◆ How to complete this task ◆
When a line of the records contains "English", copy it.

◆ Materials provided ◆

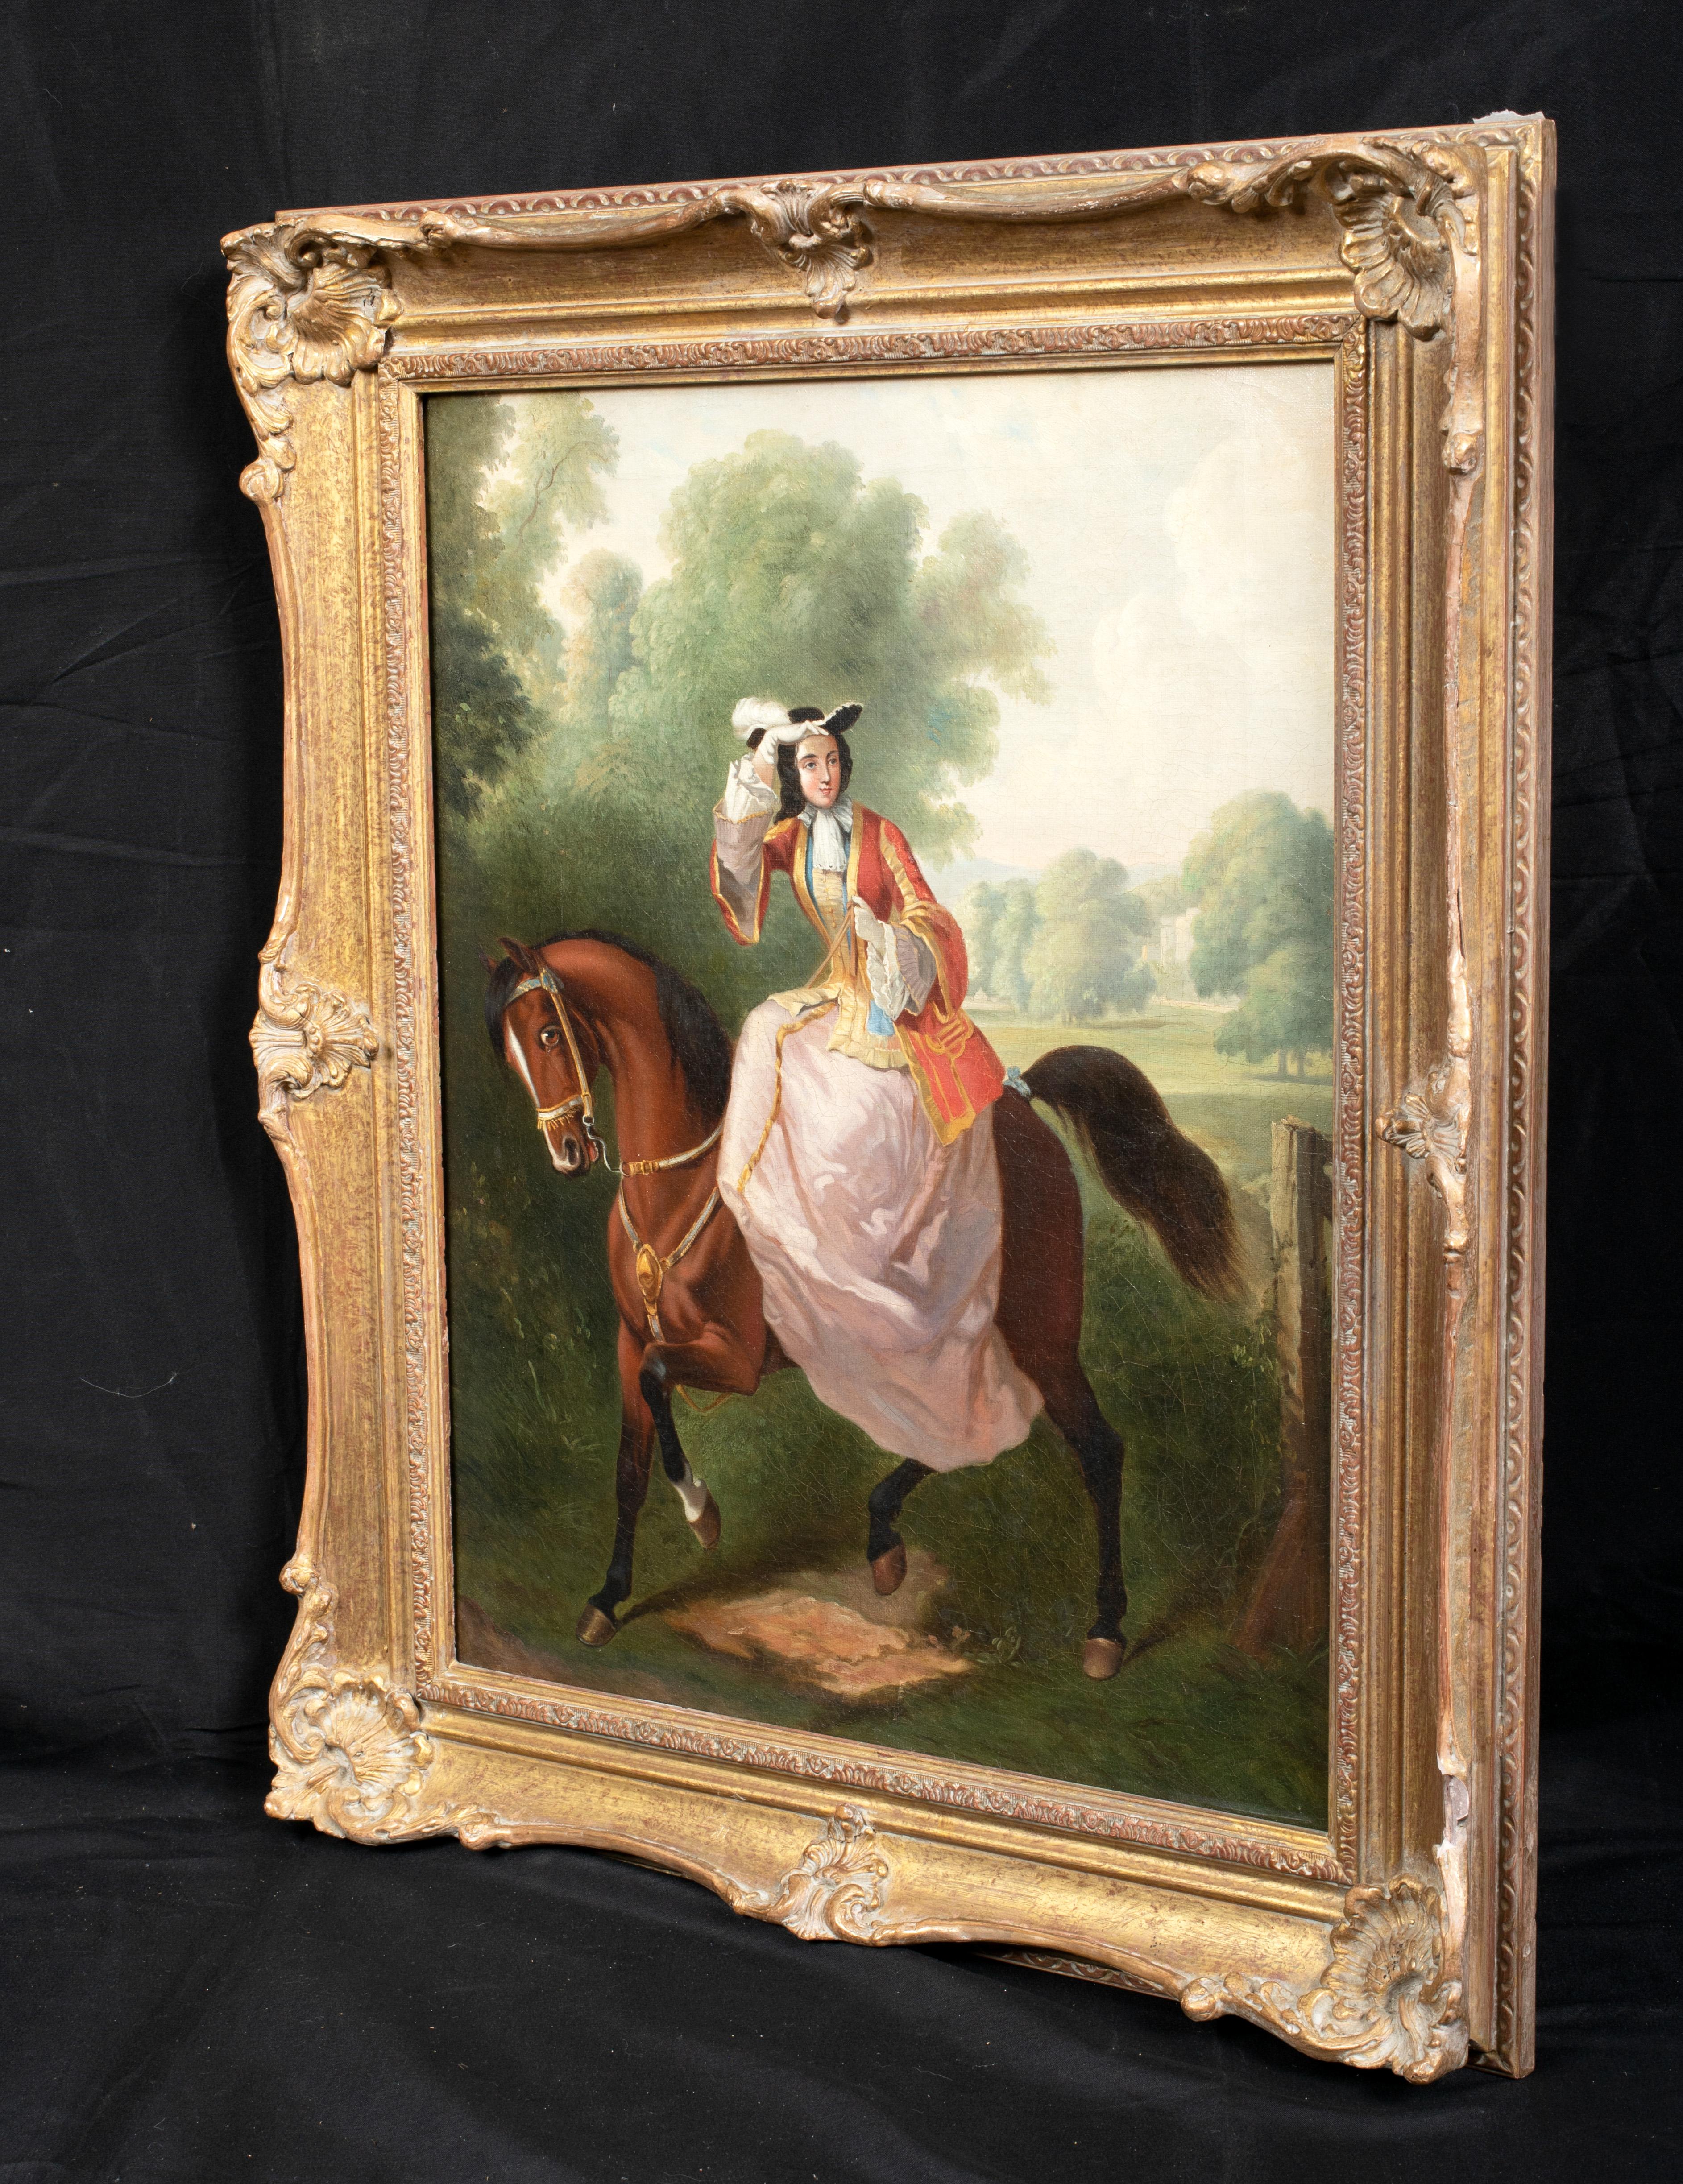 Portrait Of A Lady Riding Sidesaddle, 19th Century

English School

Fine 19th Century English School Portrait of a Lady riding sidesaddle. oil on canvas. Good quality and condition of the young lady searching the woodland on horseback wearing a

--

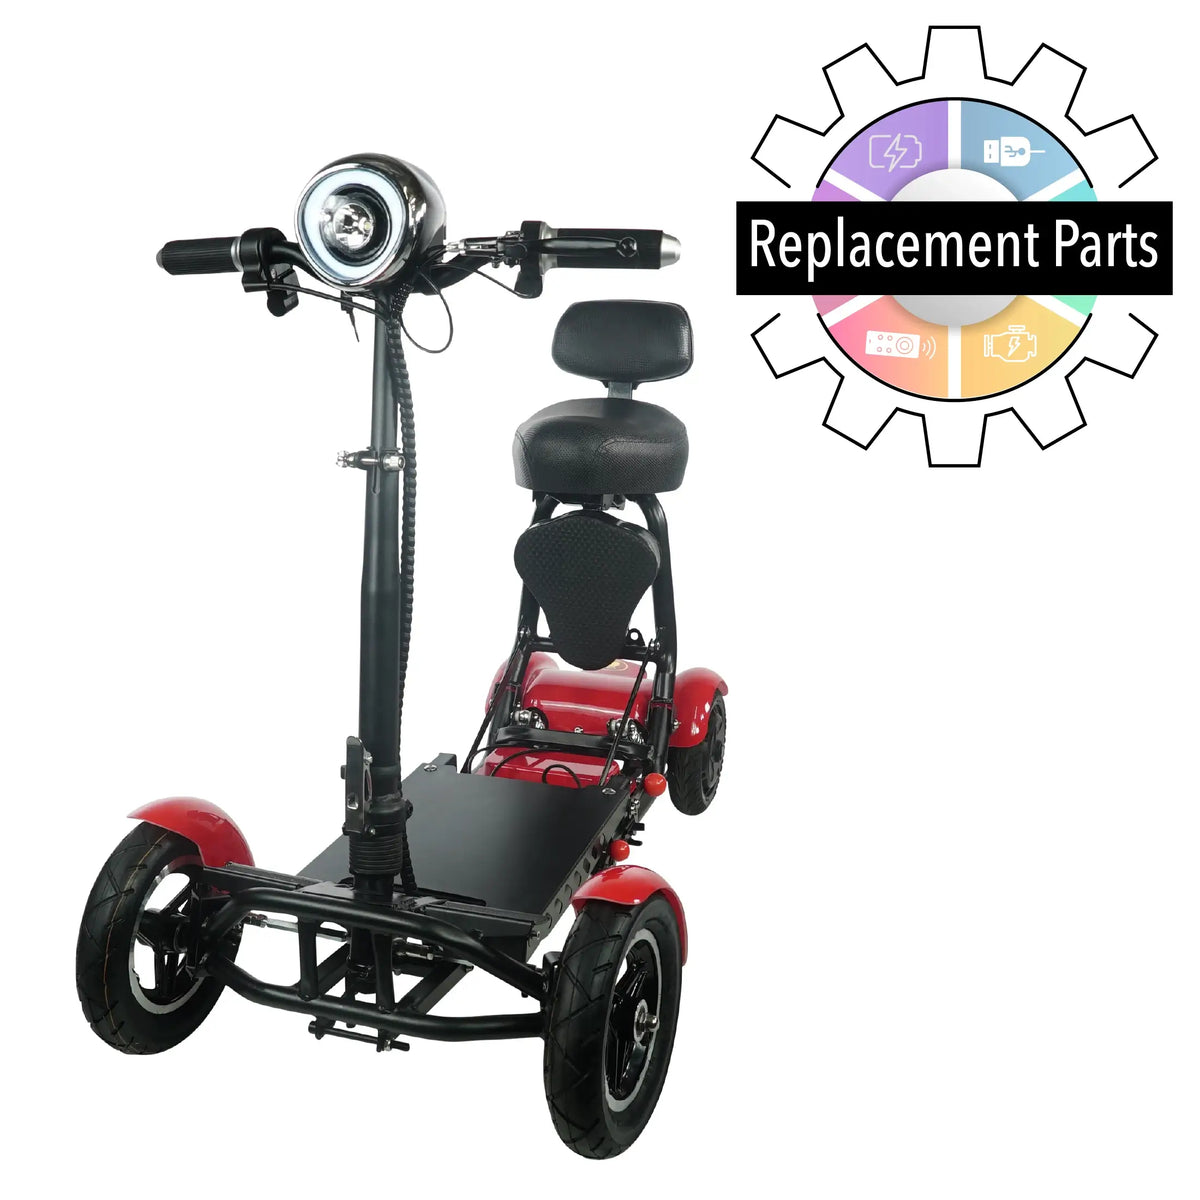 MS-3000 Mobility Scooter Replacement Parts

◆ Task result ◆
English School
Fine 19th Century English School Portrait of a Lady riding sidesaddle. oil on canvas. Good quality and condition of the young lady searching the woodland on horseback wearing a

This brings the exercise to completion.